DATA —
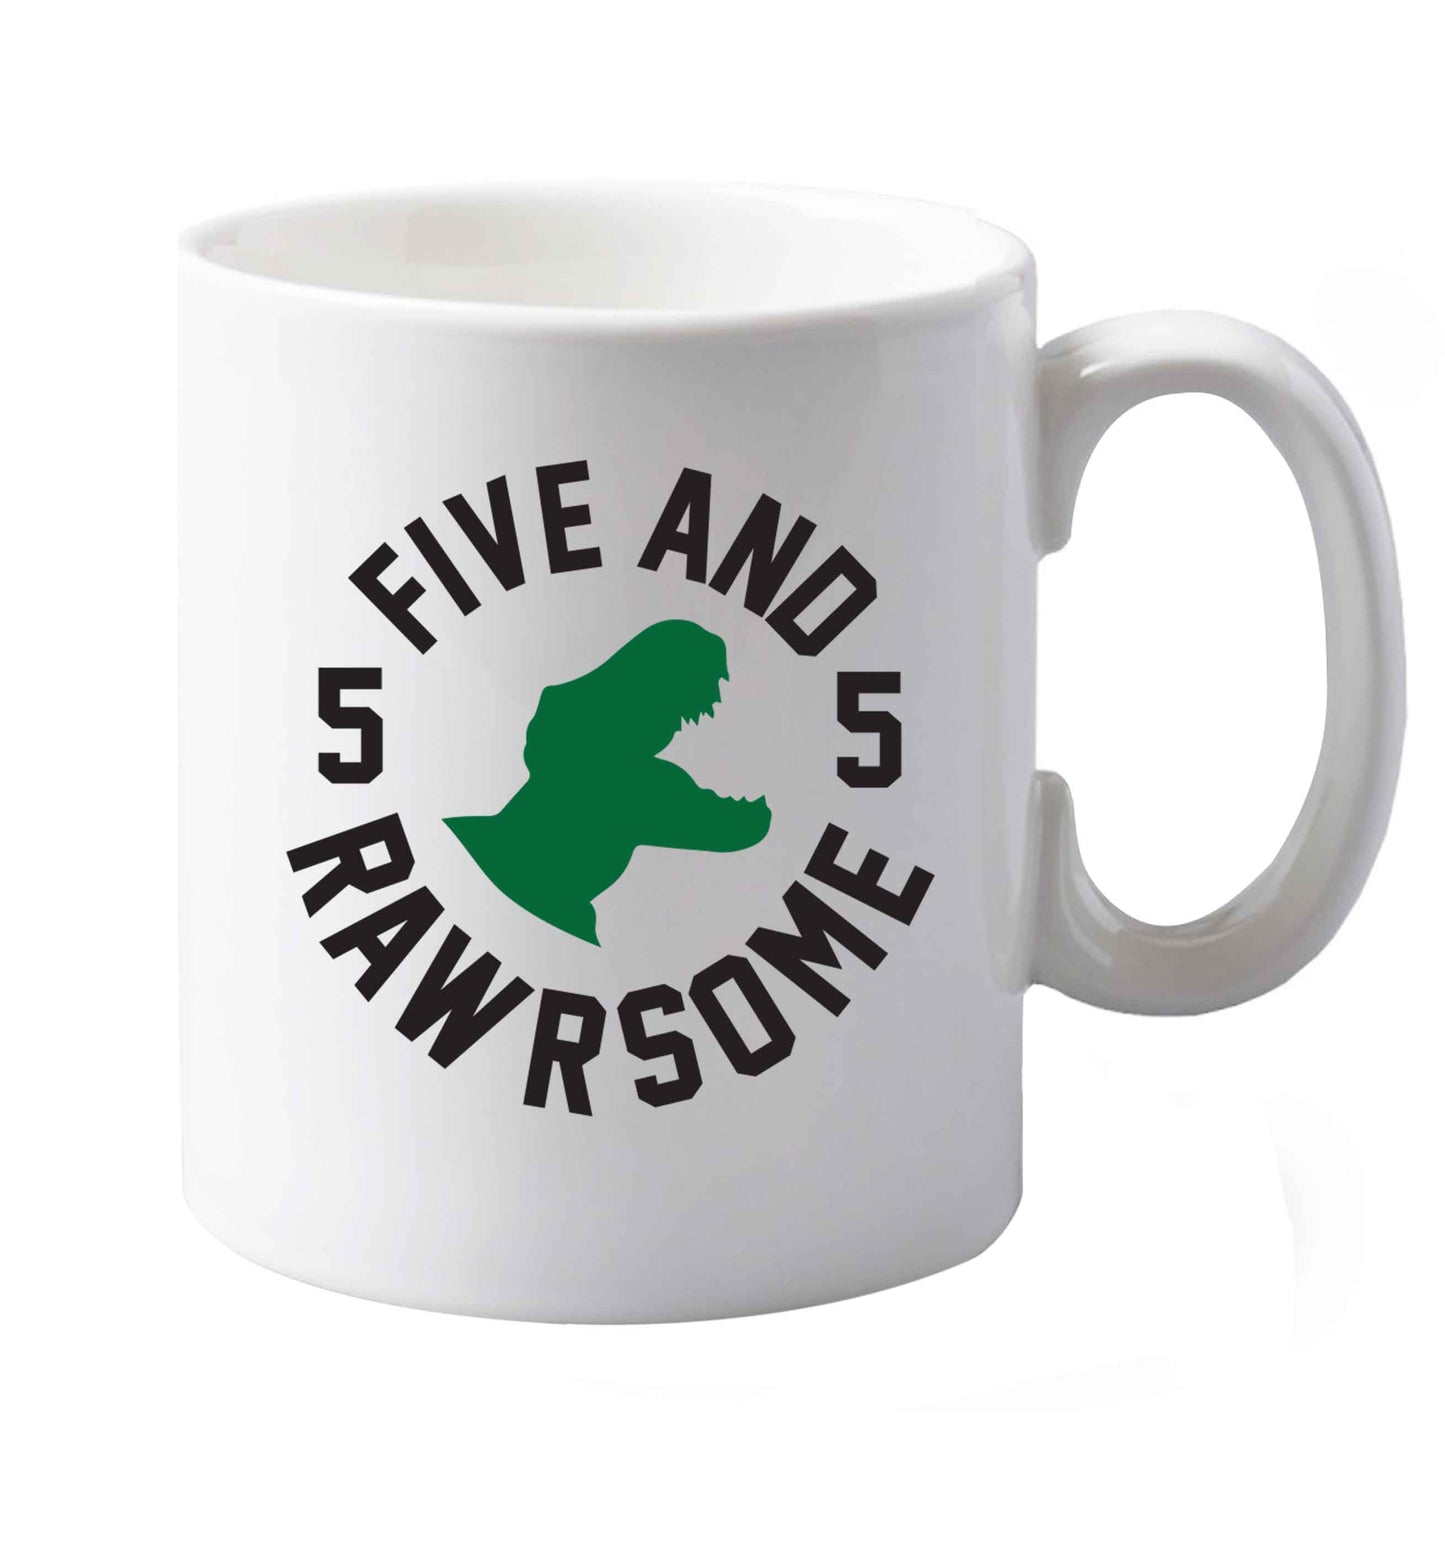 10 oz Five and rawrsome ceramic mug both sides
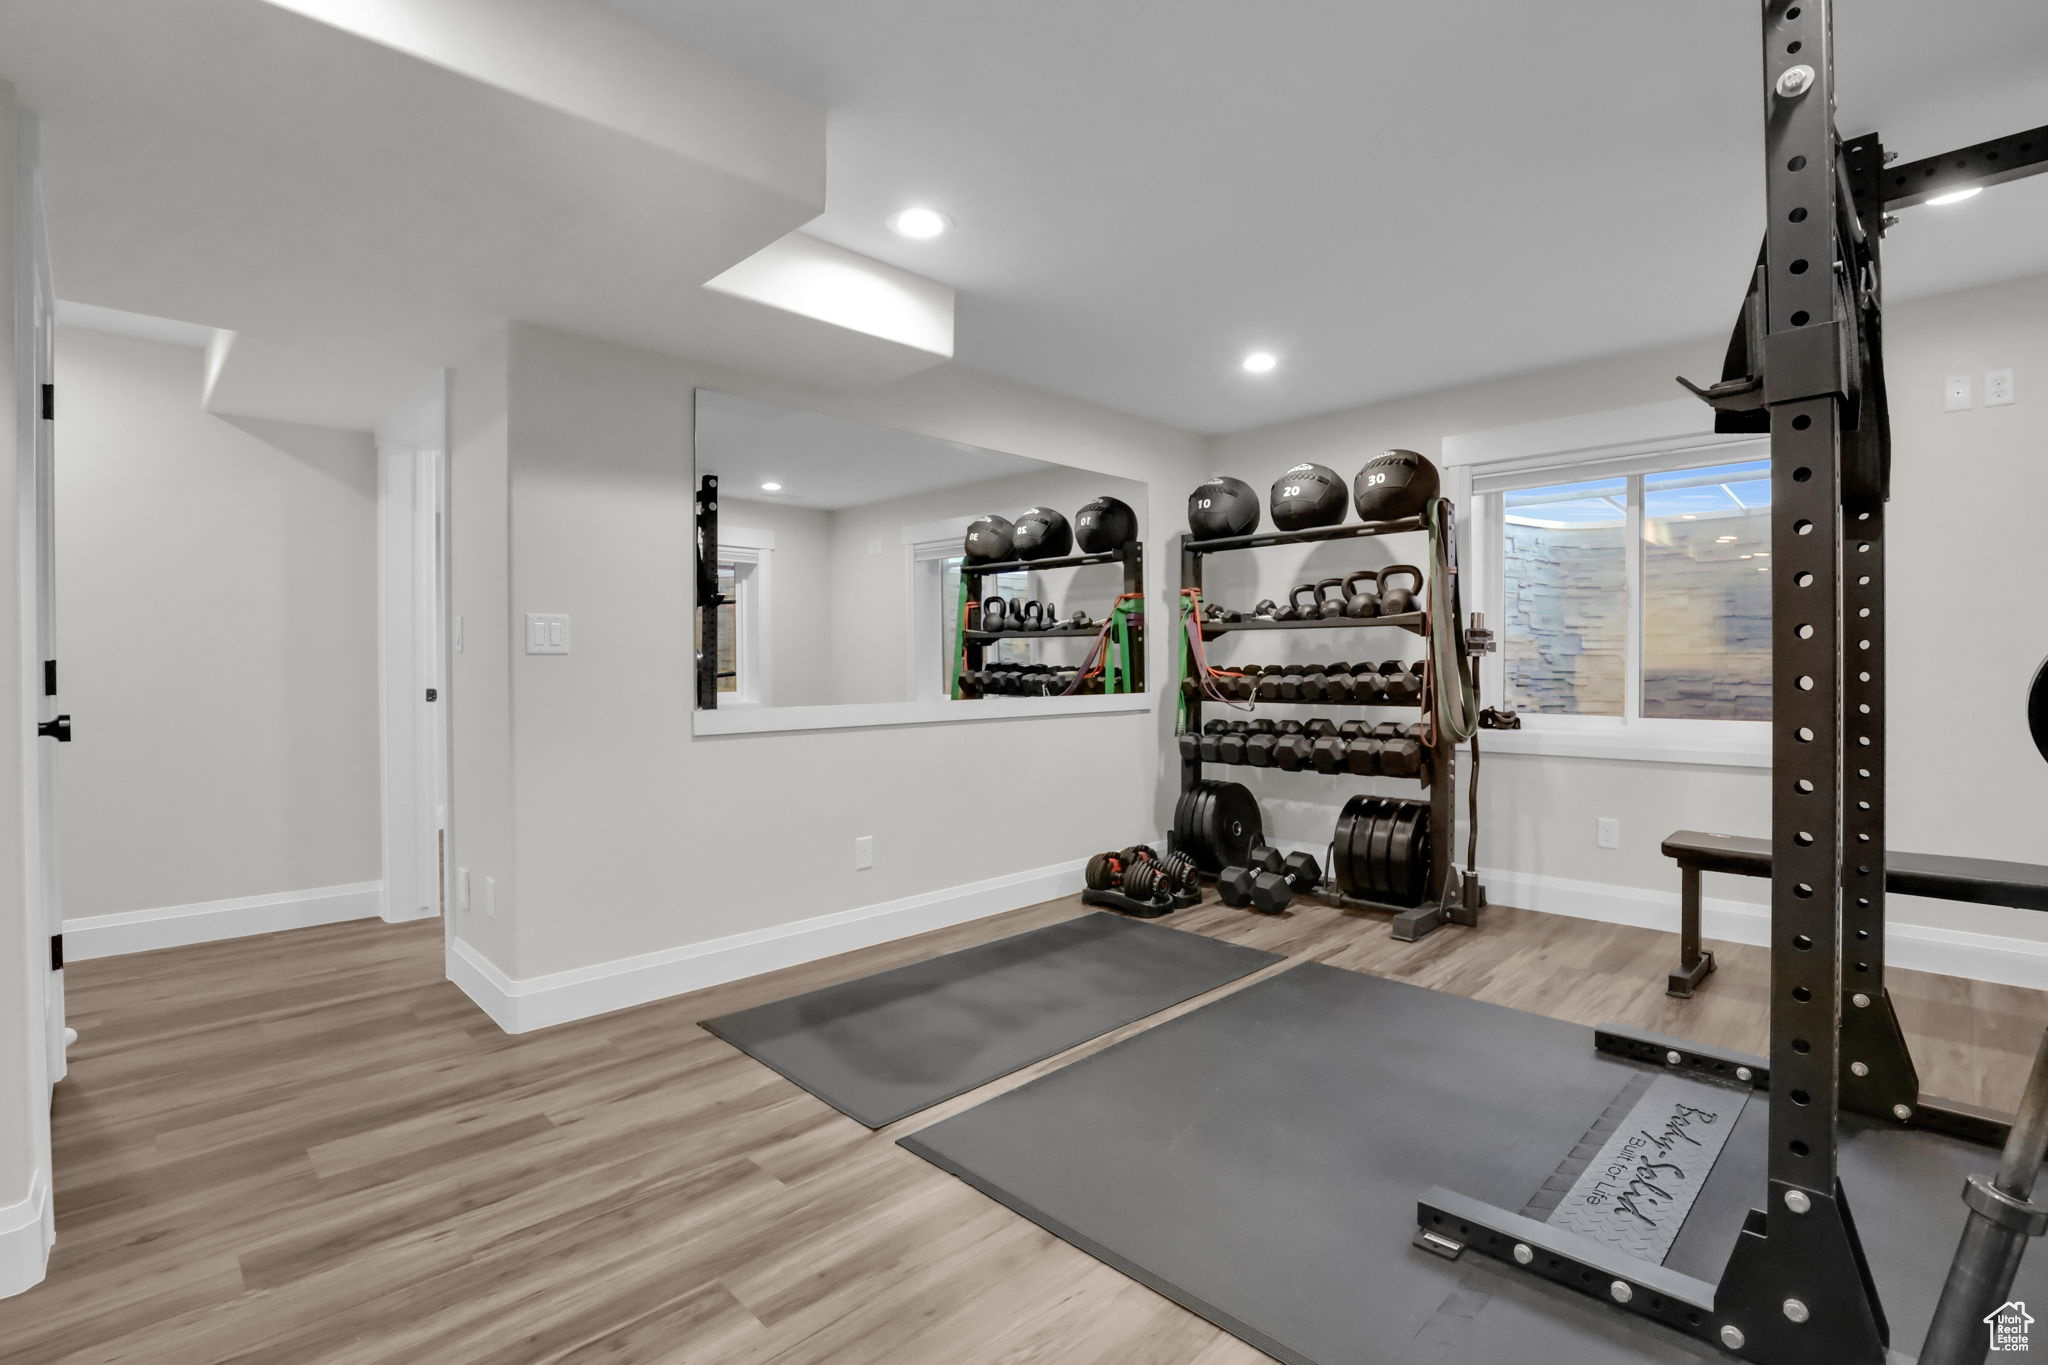 Workout room with light hardwood / wood-style floors
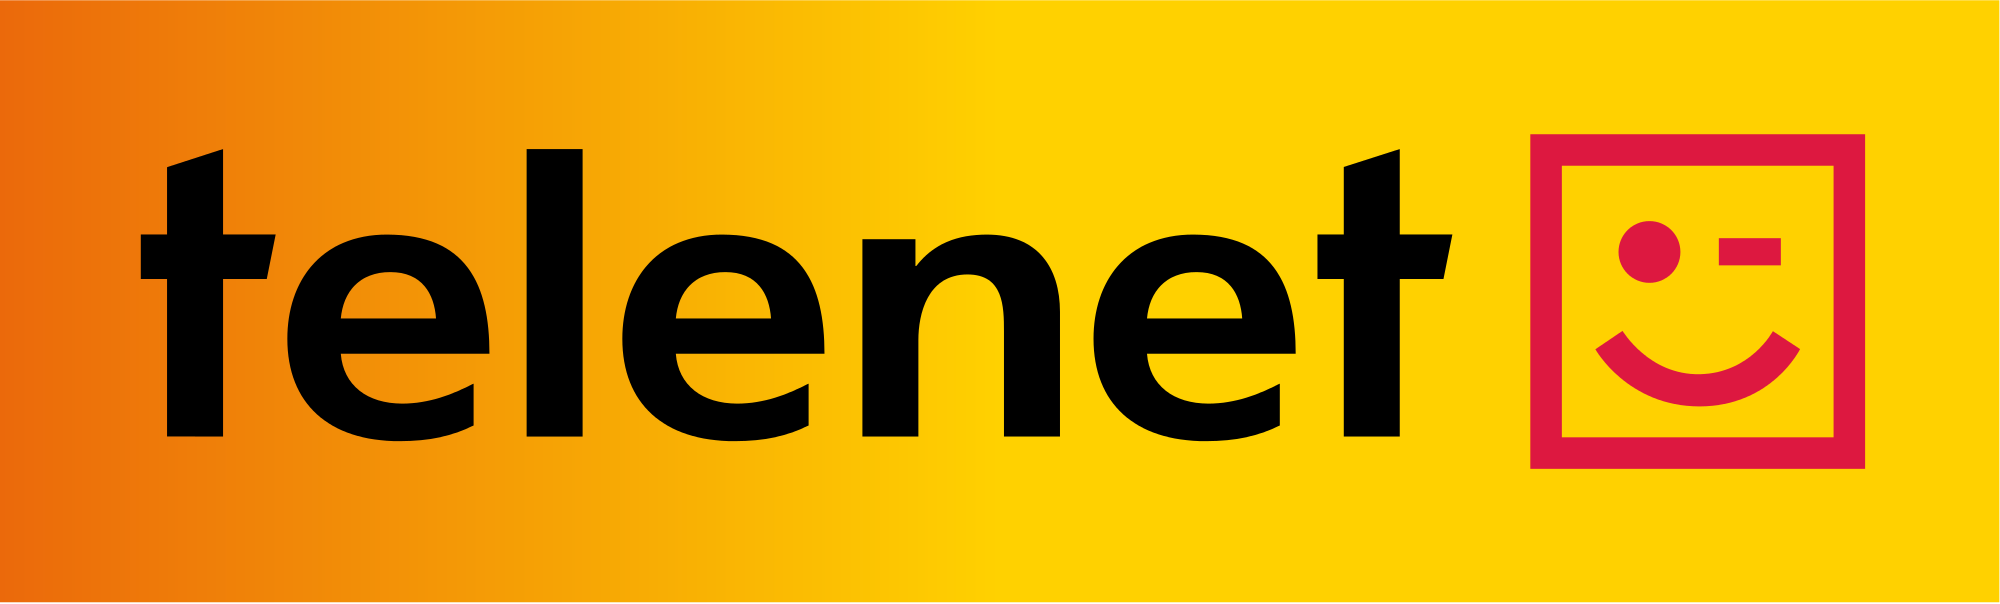 Telestrada Logo photo - 1

AIM OF THE TASK —
The copy must match every line of the data exactly and contain no pictures.

OUTPUT FOR THIS TASK —
 10 oz Five and rawrsome ceramic mug both sides
 Workout room with light hardwood / wood-style floors
 Telestrada Logo photo - 1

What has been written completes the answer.